Pascal Jolivet, 55, has the animated energy of someone constantly looking for a new thrill. His namesake brand celebrates its 30th anniversary this year, and the vigneron is showing no signs of slowing down.
Jolivet comes from a wine family. His grandfather Lucien and great-uncle Louis had both been chefs de cave at Pouilly-Fumé's Château de Tracy and created their own négociant company in 1926. The young Pascal was working at the Pommery Champagne house when his father, Jacques, suggested he take over a small négoce firm he had bought a few years before. In 1987, at age 25, Jolivet got his feet wet as an entrepreneur in the wine business.
Soon, he wanted his own vines. He built a winery in 1990 and, in 1993, bought a 15-acre vineyard in Bué, just outside Sancerre, from his cousins.
He has gradually expanded over the years and now owns around 123 acres, both in Sancerre and Pouilly-Fumé.
He drew on his experience with Champagne's house-style model as he developed his vision for the Jolivet brand, starting with the regular Sancerre cuvée. "Here, we don't have three varietals and one type of soil," he says. "It's the other way around: We have three types of soil and one varietal. The Jolivet Sancerre, I imagined it as finding harmony between limestone, silex and clay."
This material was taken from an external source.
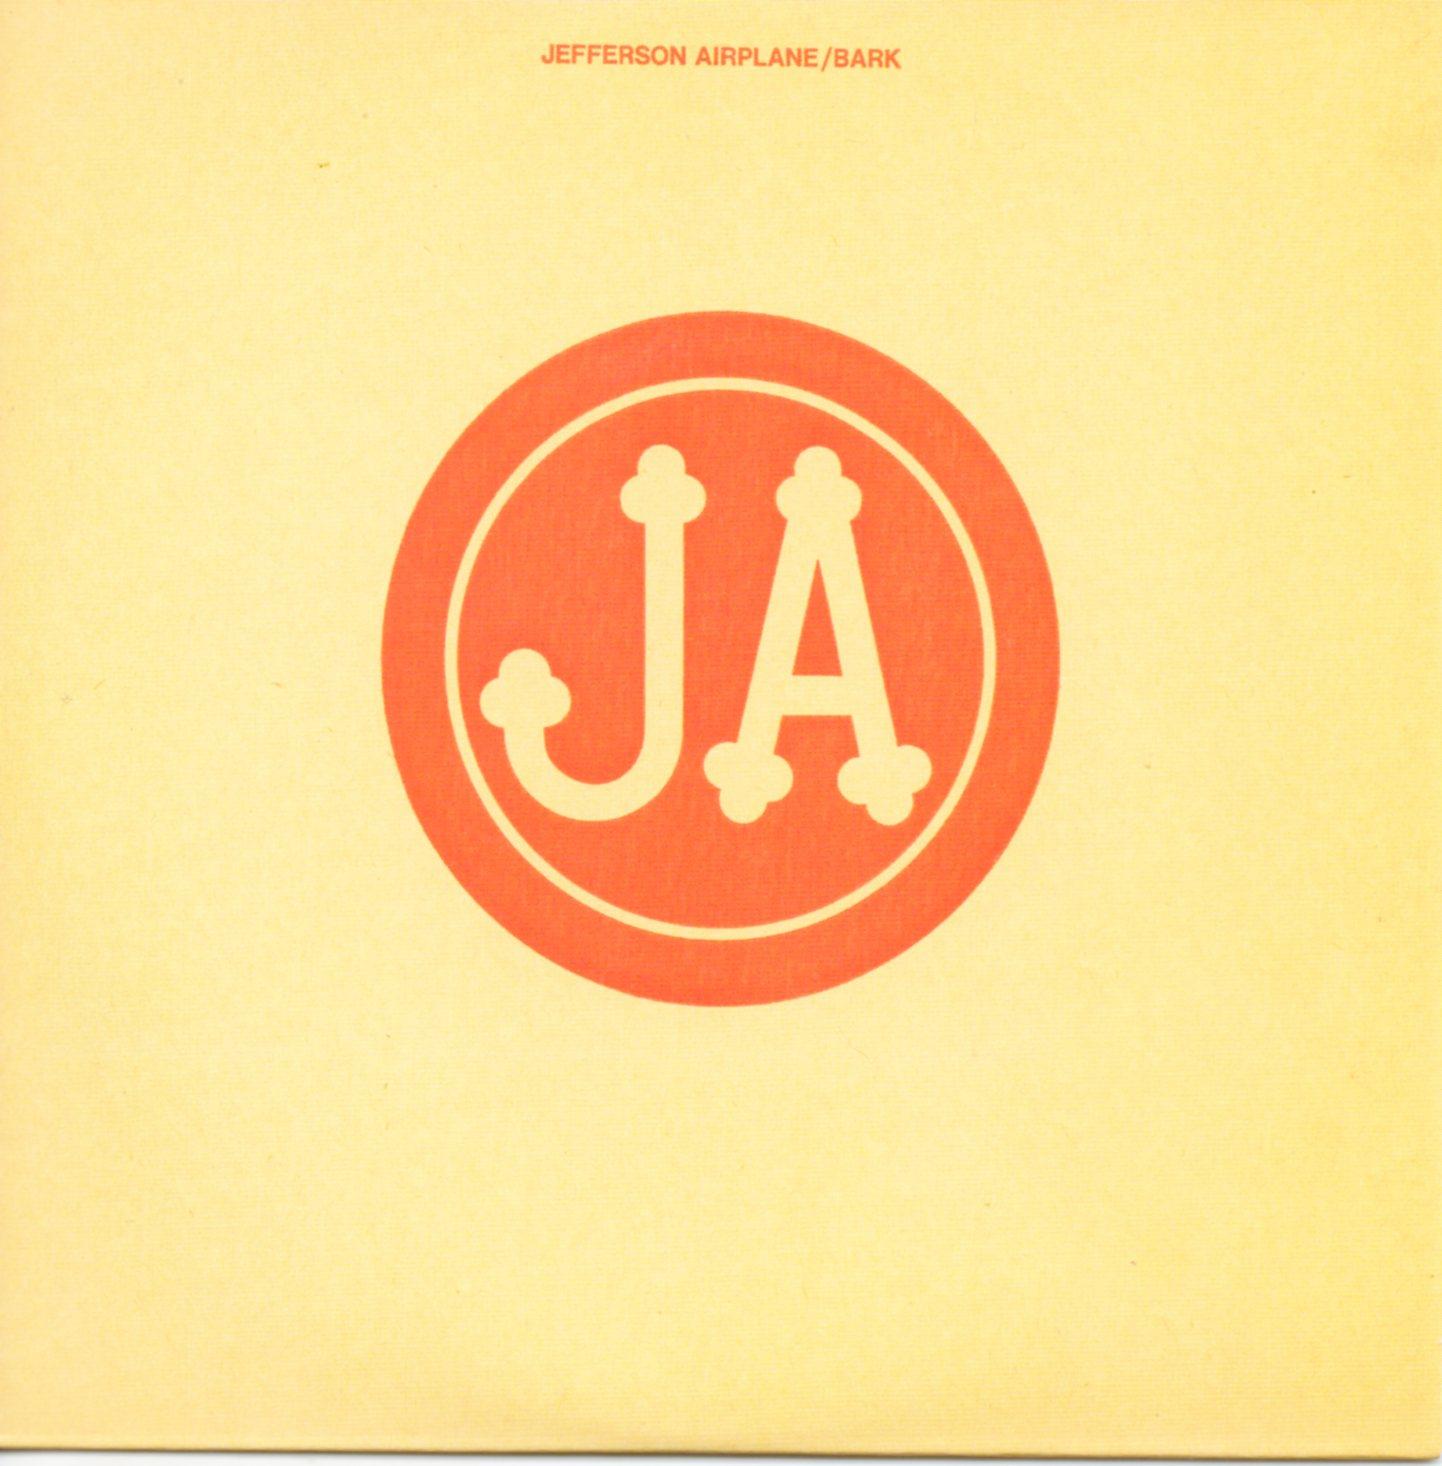 JEFFERSON AIRPLANE - Bark - Mini LP - CARD SLEEVE 11-track - CD

Pascal Jolivet now makes more than a dozen cuvées. The higher-end, single-vineyard bottlings showcase the various terroirs of both Sancerre and Pouilly-Fumé. The limestone Sancerre Les Caillottes and clay-limestone Pouilly-Fumé Terres Blanches are both from 40-year-old vines. Two unfiltered cuvées—Sancerre Sauvage from limestone soils and Pouilly-Fumé Indigène from silex—are at the top of the range. The former was the first Jolivet wine to be made organically. The estate makes two other organic wines: Le Chêne Marchand, from limestone in Sancerre, and Le Roc, from a small silex plot also in Sancerre, which is fermented in one-third cement egg and two-thirds stainless steel.
As of this year, Jolivet plans to convert the entire single-vineyard range to organic winemaking, a continuation of his founding philosophy. From the beginning, he has strongly believed in indigenous yeasts, long natural fermentations and minimal amounts of sulfur. The wines age one year on the lees, none of it in oak, and none of the wines go through fining.
Looking around the winery, gravity-operated from sorting to bottling, one will find a cement egg here, an amphora cuve there. Jolivet is also in the early stages of trials with biodynamics.
A new face at the estate indulges him in his thirst for experimentation. In 2013, Jolivet's longtime enologist quit suddenly, two months before harvest. Jolivet recalls saying to him, "OK, but you have to help me find someone, and they need to be better than you. And I'm not going to be around forever, so they need to be better than me too." Valentina Buoso, 31, proved to be a perfect match. She had experience in Chile, Australia, New Zealand, Mendocino and Oregon and had completed a thesis on indigenous yeast. She has been with the domaine ever since.